§ Assignment
The answer must consist solely of the lines below starting at the one containing "mcdonald-s-malaysia-mccaf-rewards-with-mcd-app" and ending at the one containing "navy blue cycling shorts", repeated exactly, with both ends included and all pictures omitted.

§ Raw data
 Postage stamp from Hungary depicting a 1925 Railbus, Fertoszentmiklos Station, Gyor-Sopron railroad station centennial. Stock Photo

==

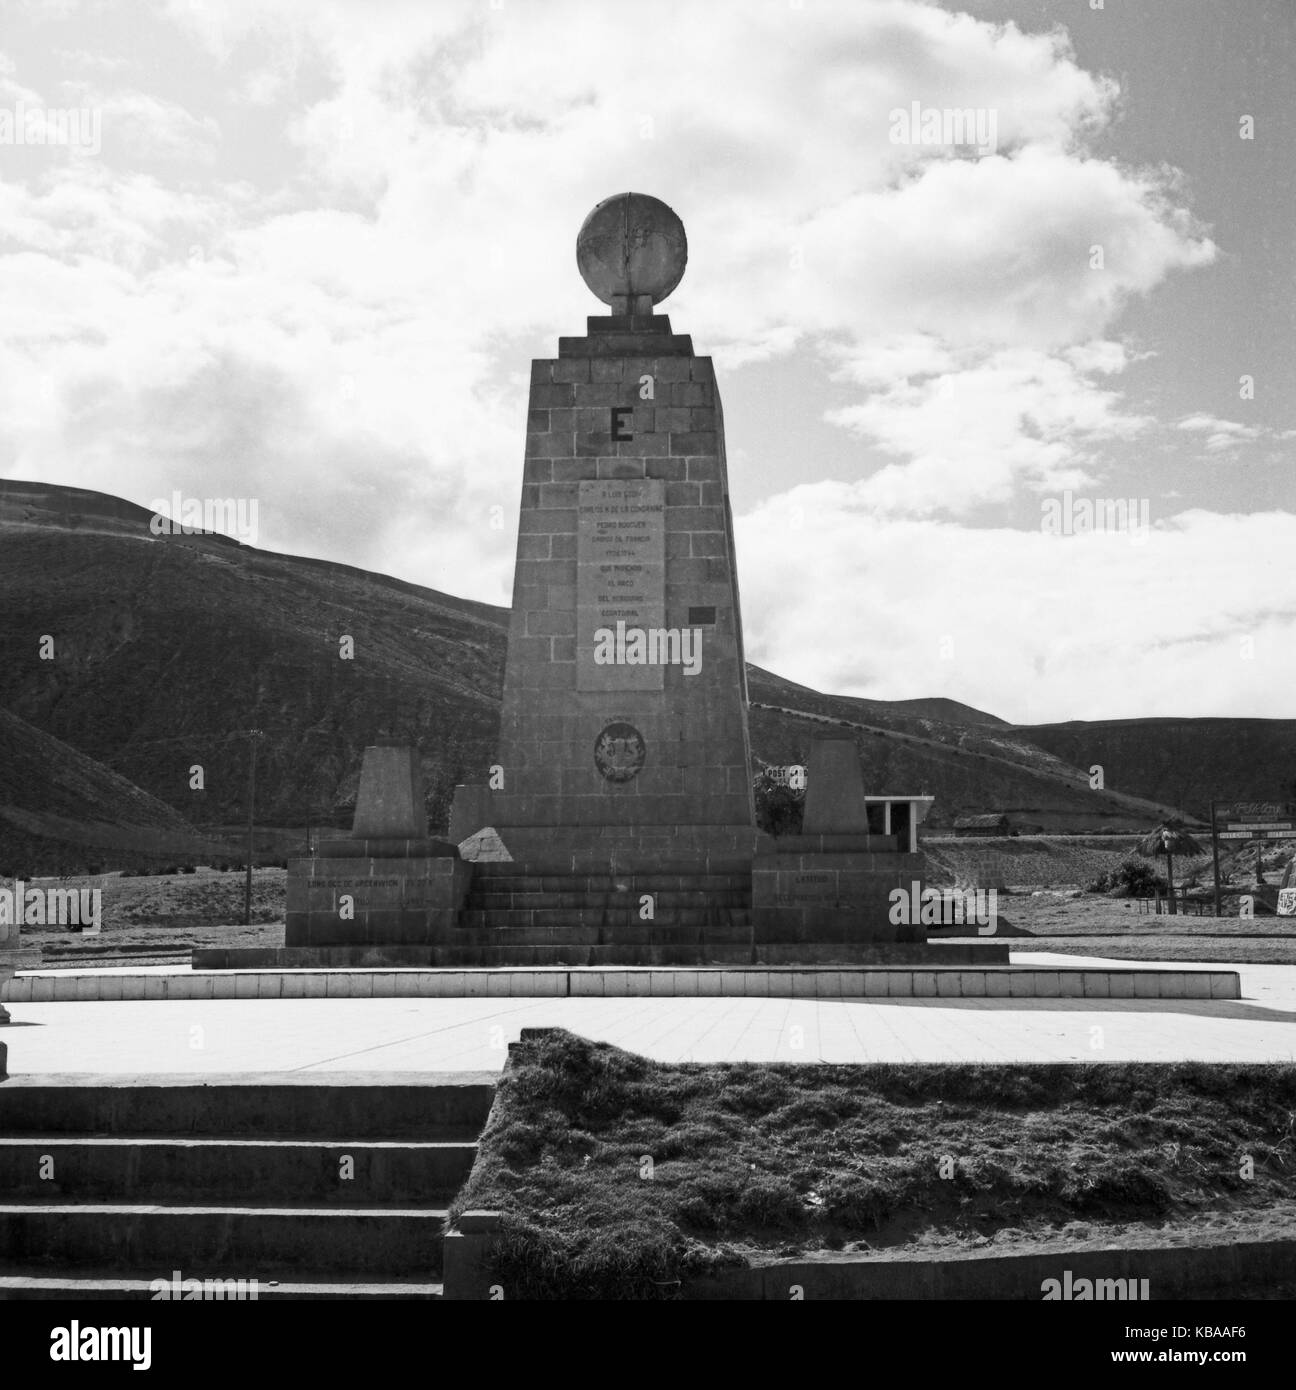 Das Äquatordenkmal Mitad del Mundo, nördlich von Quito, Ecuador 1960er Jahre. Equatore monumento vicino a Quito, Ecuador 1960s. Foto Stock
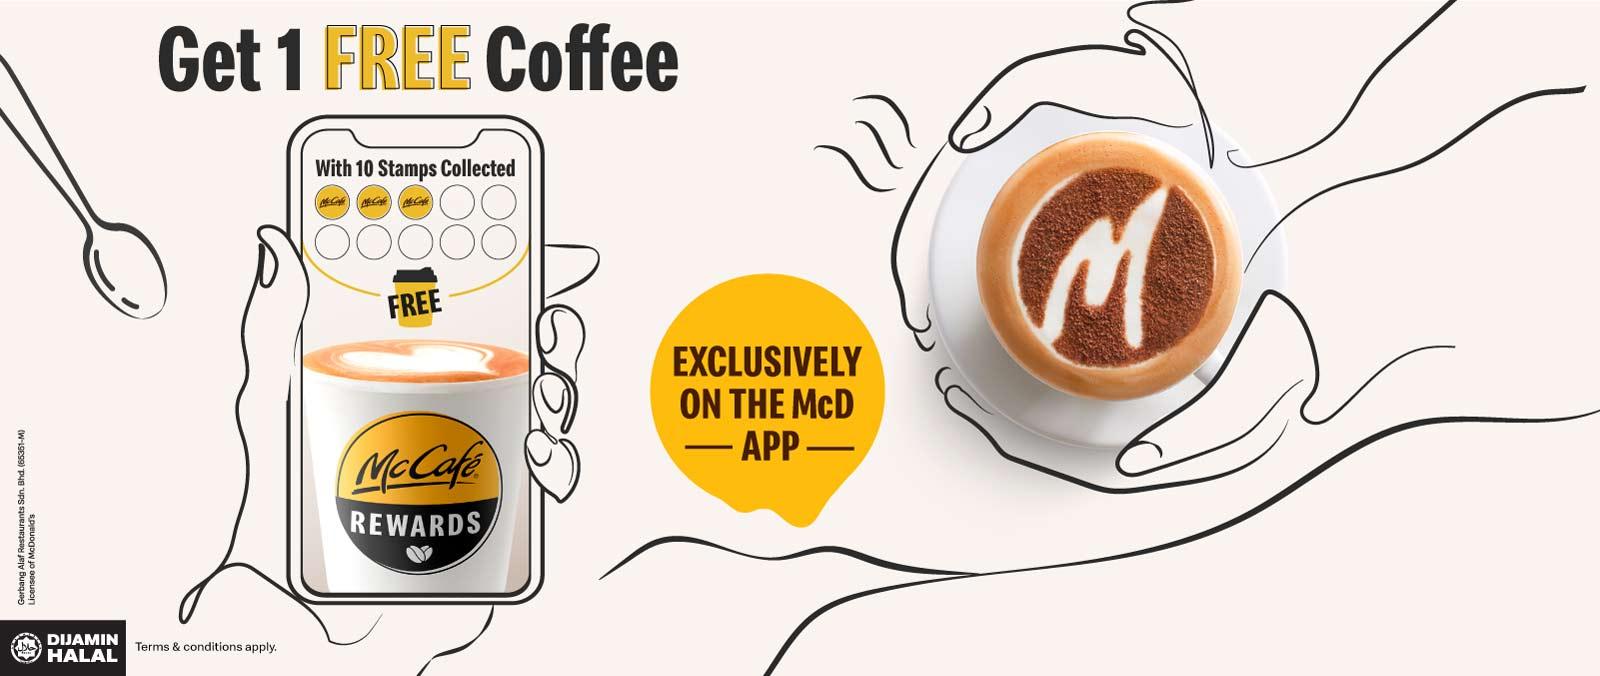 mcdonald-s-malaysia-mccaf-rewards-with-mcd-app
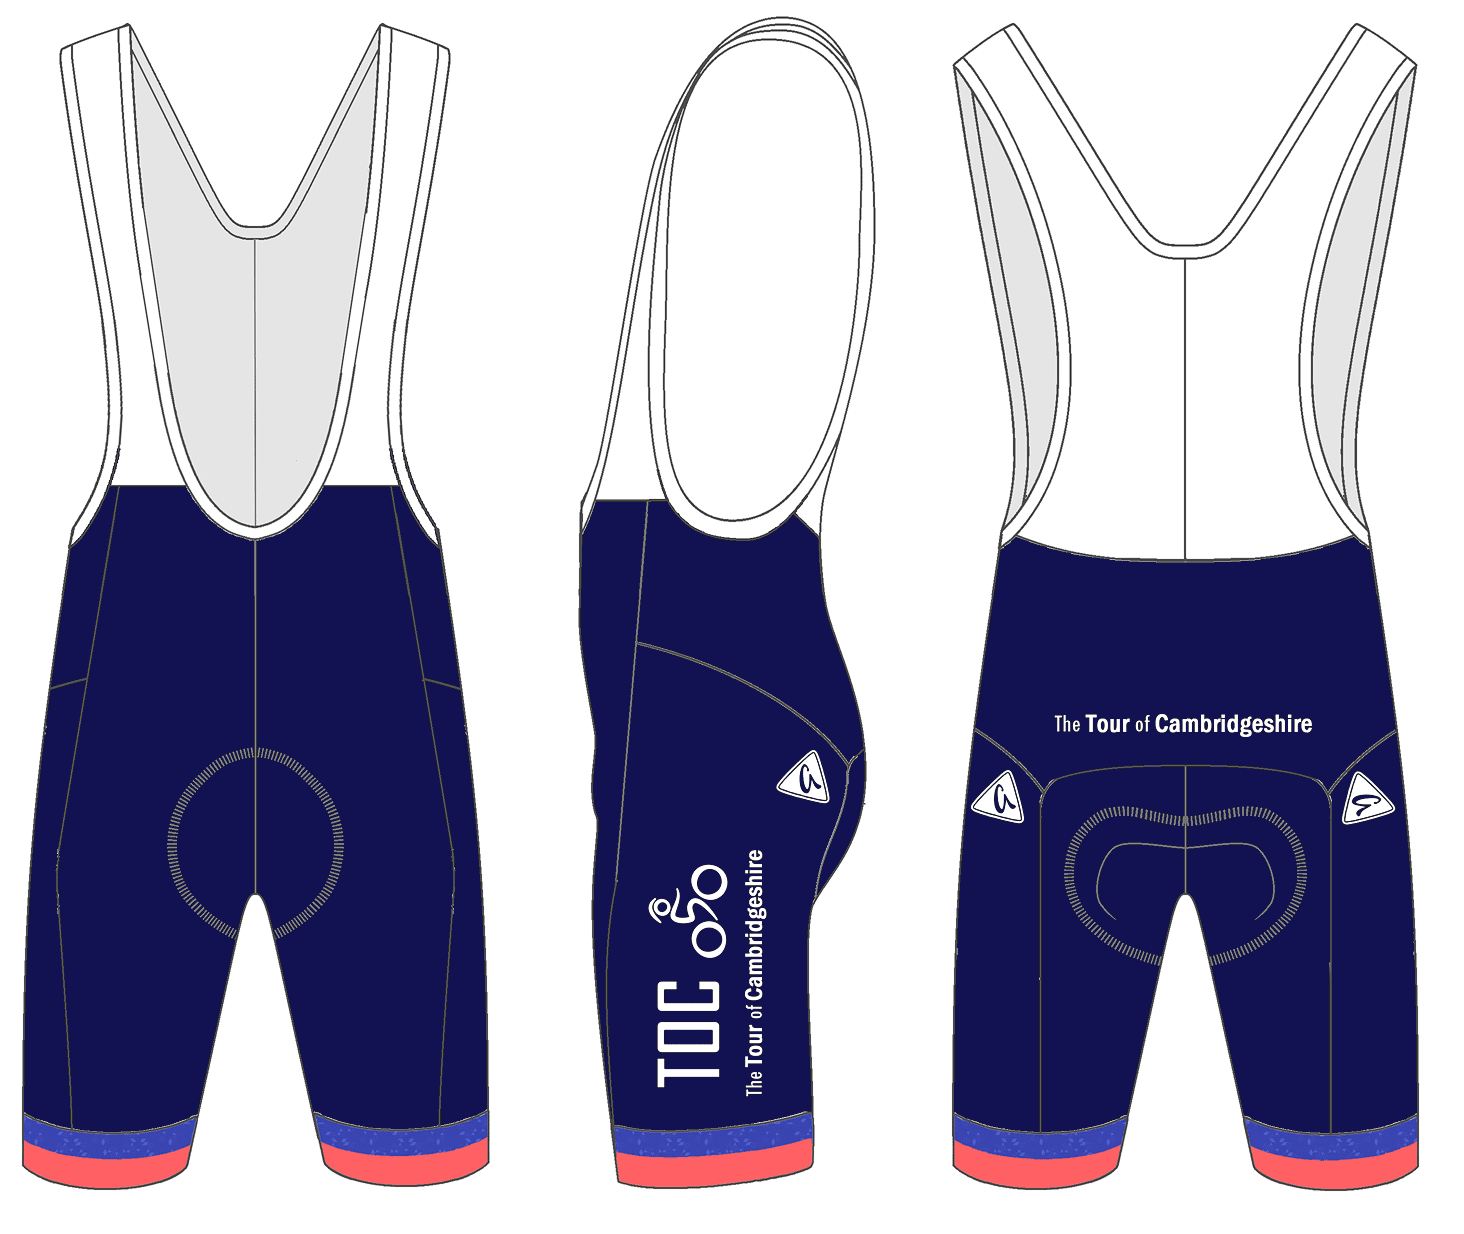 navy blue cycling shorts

---

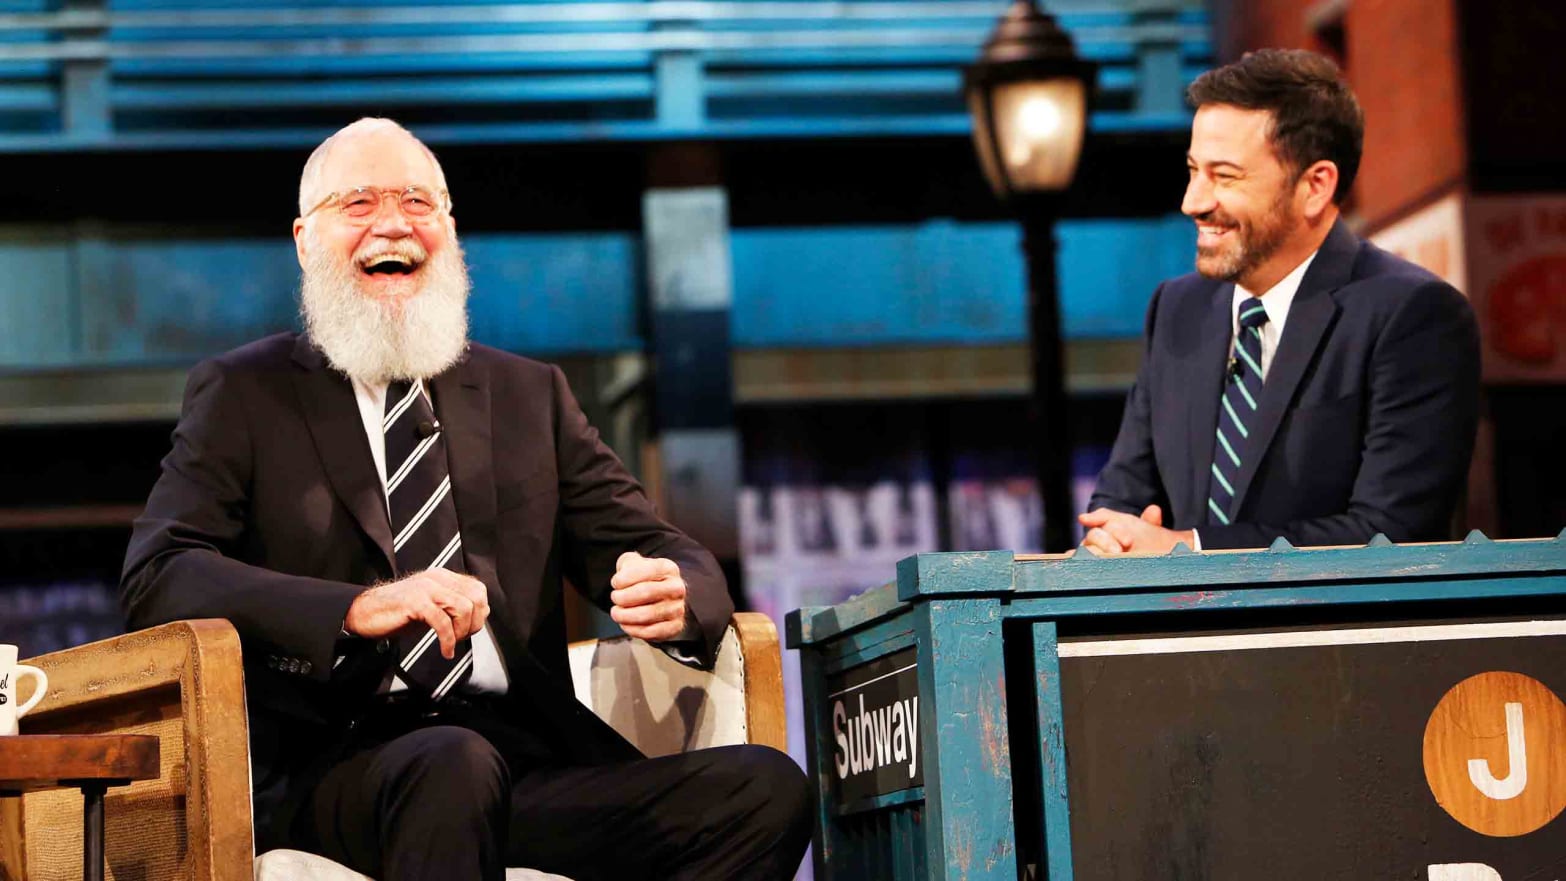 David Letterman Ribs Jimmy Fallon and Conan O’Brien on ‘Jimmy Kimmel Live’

§ Output
 mcdonald-s-malaysia-mccaf-rewards-with-mcd-app
 navy blue cycling shorts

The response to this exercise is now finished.